Guanacaste Surfers Give Up Their Sweet Spots
From Witch’s Rock and Ollie’s Point in the north to Guiones in the south, Guanacaste’s Pacific coast offers surfers a plethora of sweet spots to kick off and paddle out. What better experts than the surfers who live here to offer tips and guidelines about the region’s breaks and waves?
The Tico Times went straight to the source and asked the following local Guanacaste surfers to give up their sweet spots.
Erik Antonson, 29, is the founder and owner of Surfing Nosara, which provides daily surf reports and community information for Nosara. The Gainesville, Florida, native has lived in Nosara for three years and has been surfing since he first visited Costa Rica in 1996, at the age of 13.
“Guiones and Ostional are my favorite on the map breaks. Guiones always has surf, and can hold a big swell,” Antonson says, adding that March and April are Guiones’ big months.
“Ostional has some great tubes on the right swell,” he continues. “I also surf a lot of little, out-of-the-way spots with the local crew. The locals are such great surfers here, and all really mellow, good folks.”
Larry Graziano, 39, of Los Pargos near Playa Negra, between Tamarindo and Junquillal, is a seven-year Guanacaste resident.
Originally from Sanibel Island, Florida, he’s been surfing for 10 years, “plus two years when I was 6 to 8 years old.”
Graziano says that the region’s abundance of great surf spots makes it impossible to identify a favorite.
“My favorite breaks are the ones I am surfing on that particular day,” Graziano says. “Obviously, because I am a resident of Los Pargos, I like to surf at Playa Negra, as long as the crowd factor is okay. I also like to surf Lefty Left, Sandy Beach, a secret north swell spot we have in the area, Skatepark, La Boca del Estero, Palo Seco and La Pileta (all surf spots around Playa Negra).”
“There are so many places to surf here, and each one has its own perfect day. One could never say this one in particular is my favorite. Each one offers a particular challenge; each one is different and special.”
Steve Broyles, 35, owner of Bratton, Broyles and Associates real estate firm in Tamarindo, moved to Guanacaste about seven years and ago and started surfing shortly thereafter.
The California native’s favorite spots are Langosta, “because it’s nearby, with fun rights (it’s a low/hightide break)” and Ollie’s Point, “because it is perfect and beautiful.”Julie Javelle, 17, has lived in Guanacaste since she was 10 and started surfing at 12.
The French-bornCountryDay School student says her favorite breaks are Marbella, between Junquillal and Nosara, “because I love to feel the adrenaline every time I take a wave there” and “the waves are always good to surf ”; and Avellanas, just south of Tamarindo, “because they are fun waves.

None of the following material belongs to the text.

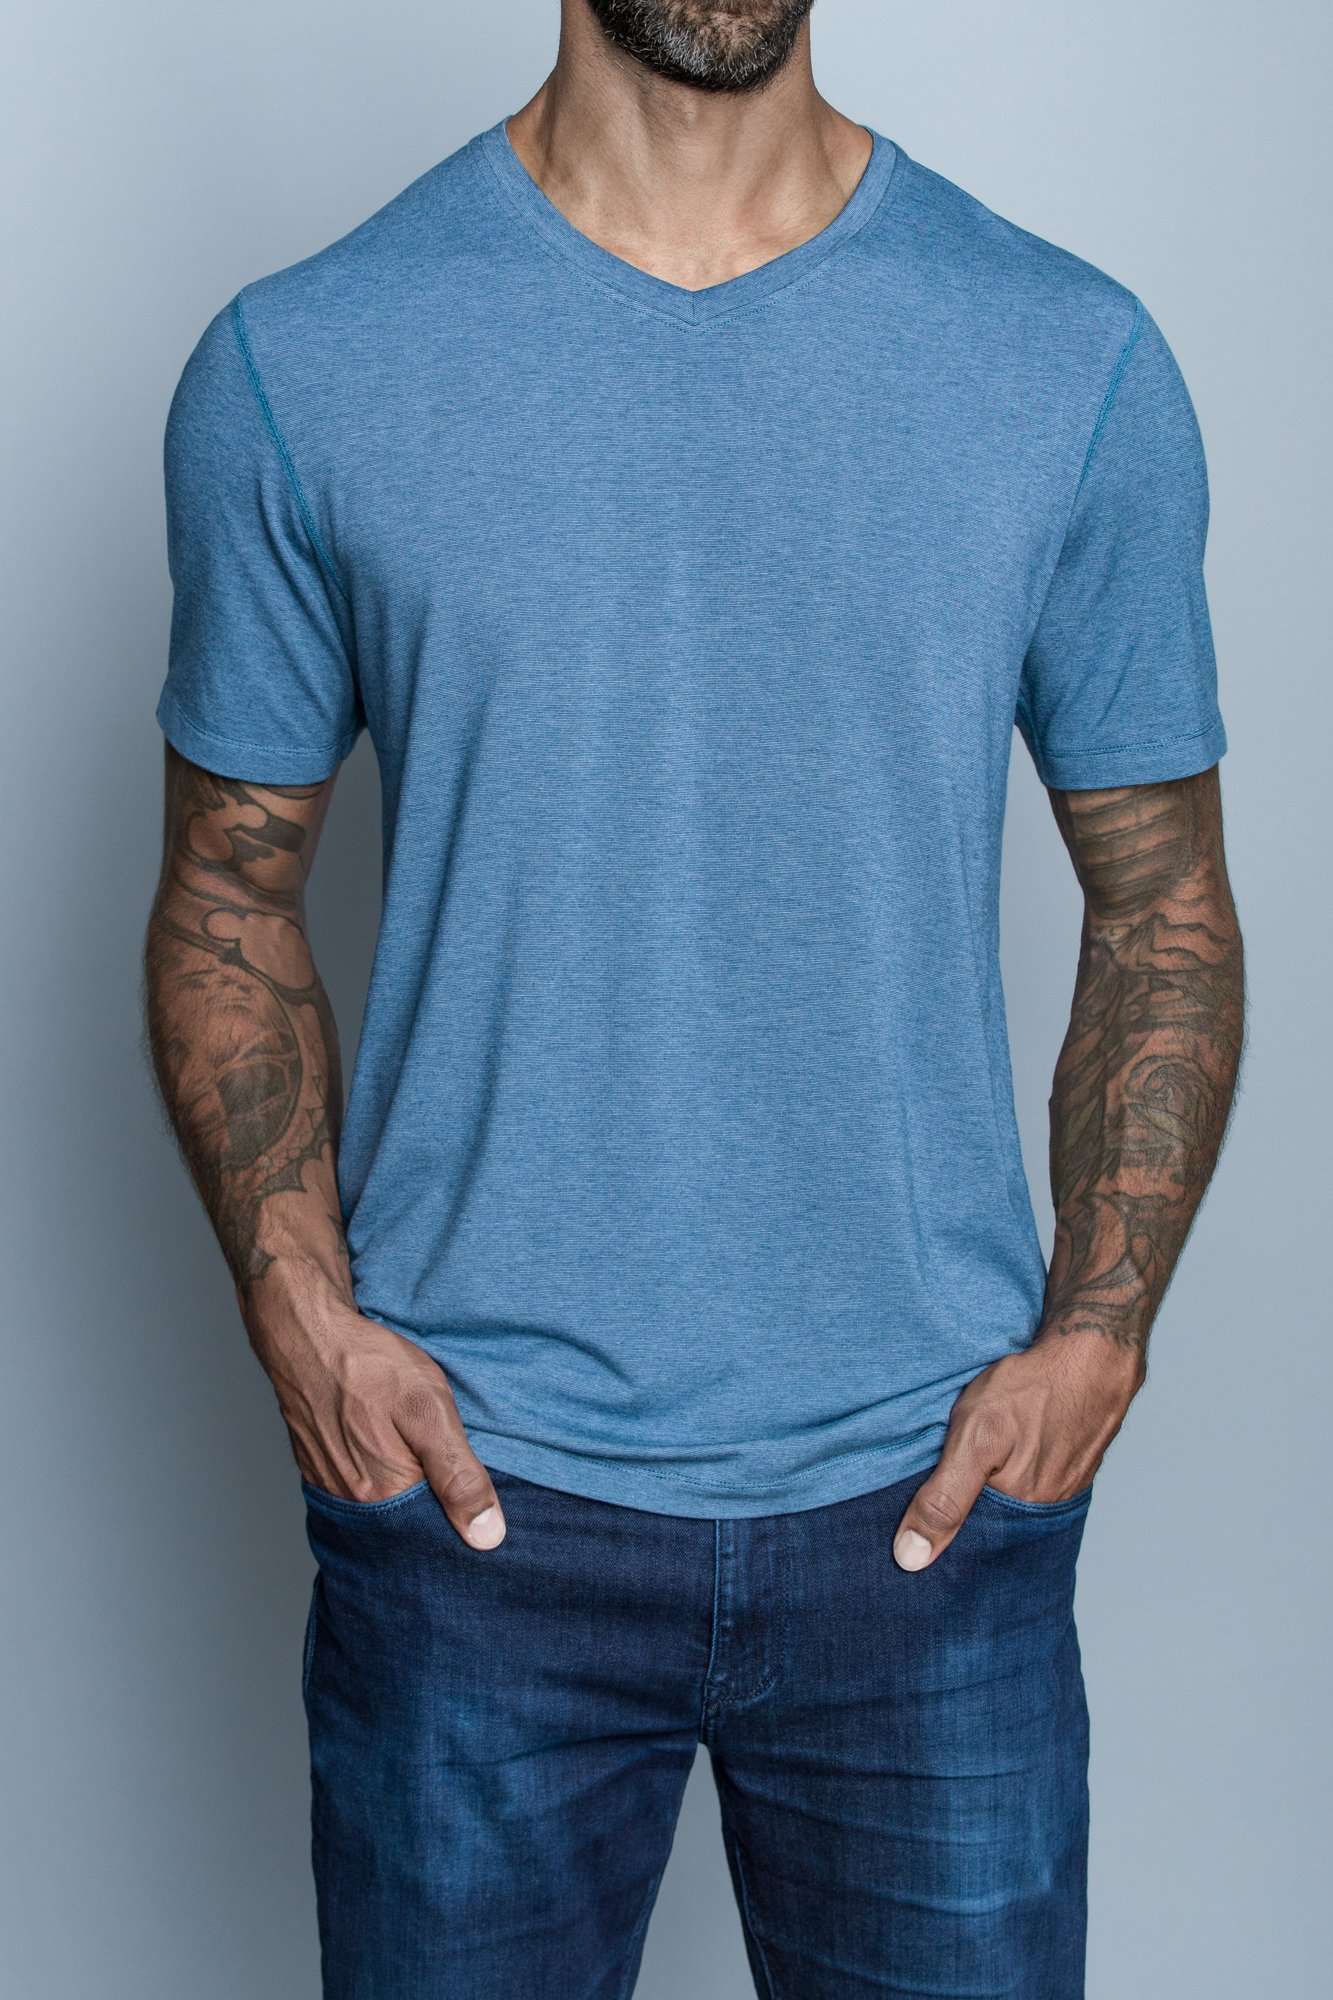 The Navas Lab Drake V2 microstripe tall tee v-neck in light blue. Long T-shirt for tall guys for everyday use.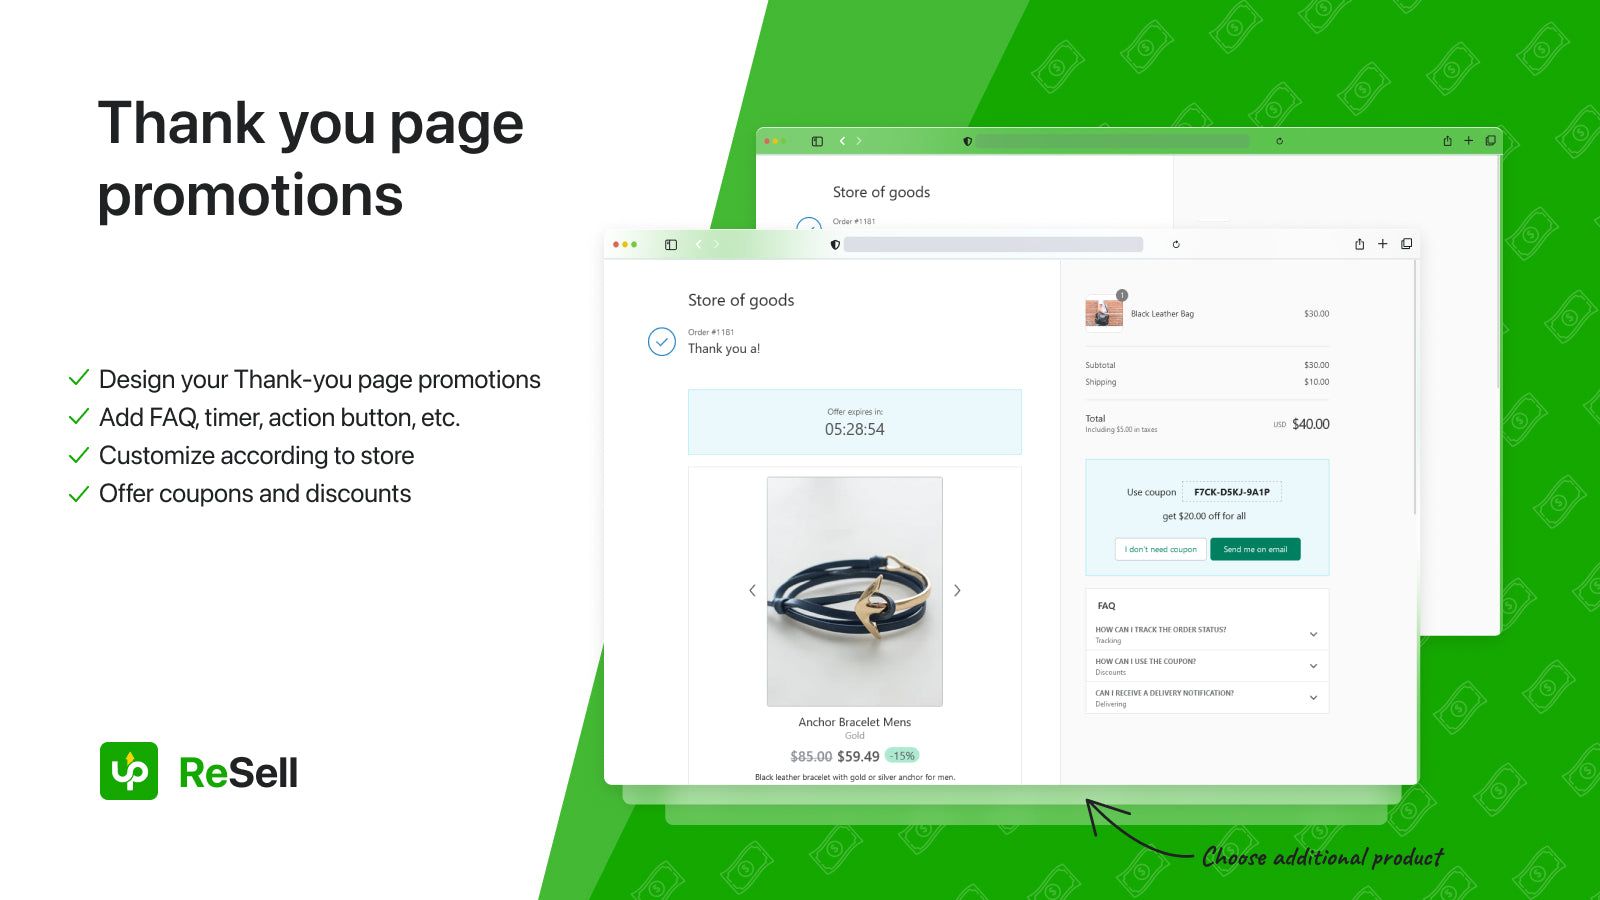 Thank-you page customization with multiple up sell widgets

I love the blue water and the landscape there. It makes you realize how lucky we are to be in Costa Rica. They are perfect rights and lefts.”
Rolando López, 27, a Nosara native, has been surfing for nine years and is a staffer at the SafariSurfSchool. His favorite breaks are Playa Guiones, “because it’s a very consistent break – there is always surf there,” and Playa Ostional, “because it’s very powerful and there are nice barrels.”
Kim McGovern, 36, is also a staffer at Nosara’s SafariSurfSchool. The Long Island, New York, native has been surfing for 15 years.
His favorite breaks are Playa Camaronal, south of Carrillo, and Playa Ostional. “Both waves are super fun, fast and challenging,” he says. “There aren’t too many people around as far as crowds go, so that always makes it a better surf session too.”
Joe Walsh, owner of Witch’s Rock Surf Camp in Tamarindo, has been surfing for 15 of his 31 years. The San Diego, California, native drove down in his school bus in 2001 and has lived here ever since.
His favorite breaks?
“I really like the Tamarindo river mouth, because it can be going off with nobody out. Living on the break means watching it all day long and getting it when it is just firing,” Walsh says.
“I love Witch’s Rock – if you don’t know why, then that’s a good thing!” he adds. “There are a few local reefs that are my other favorite surf spots.
“I’m pretty stoked that there are still secret spots all over Guanacaste, and I try to keep it that way.”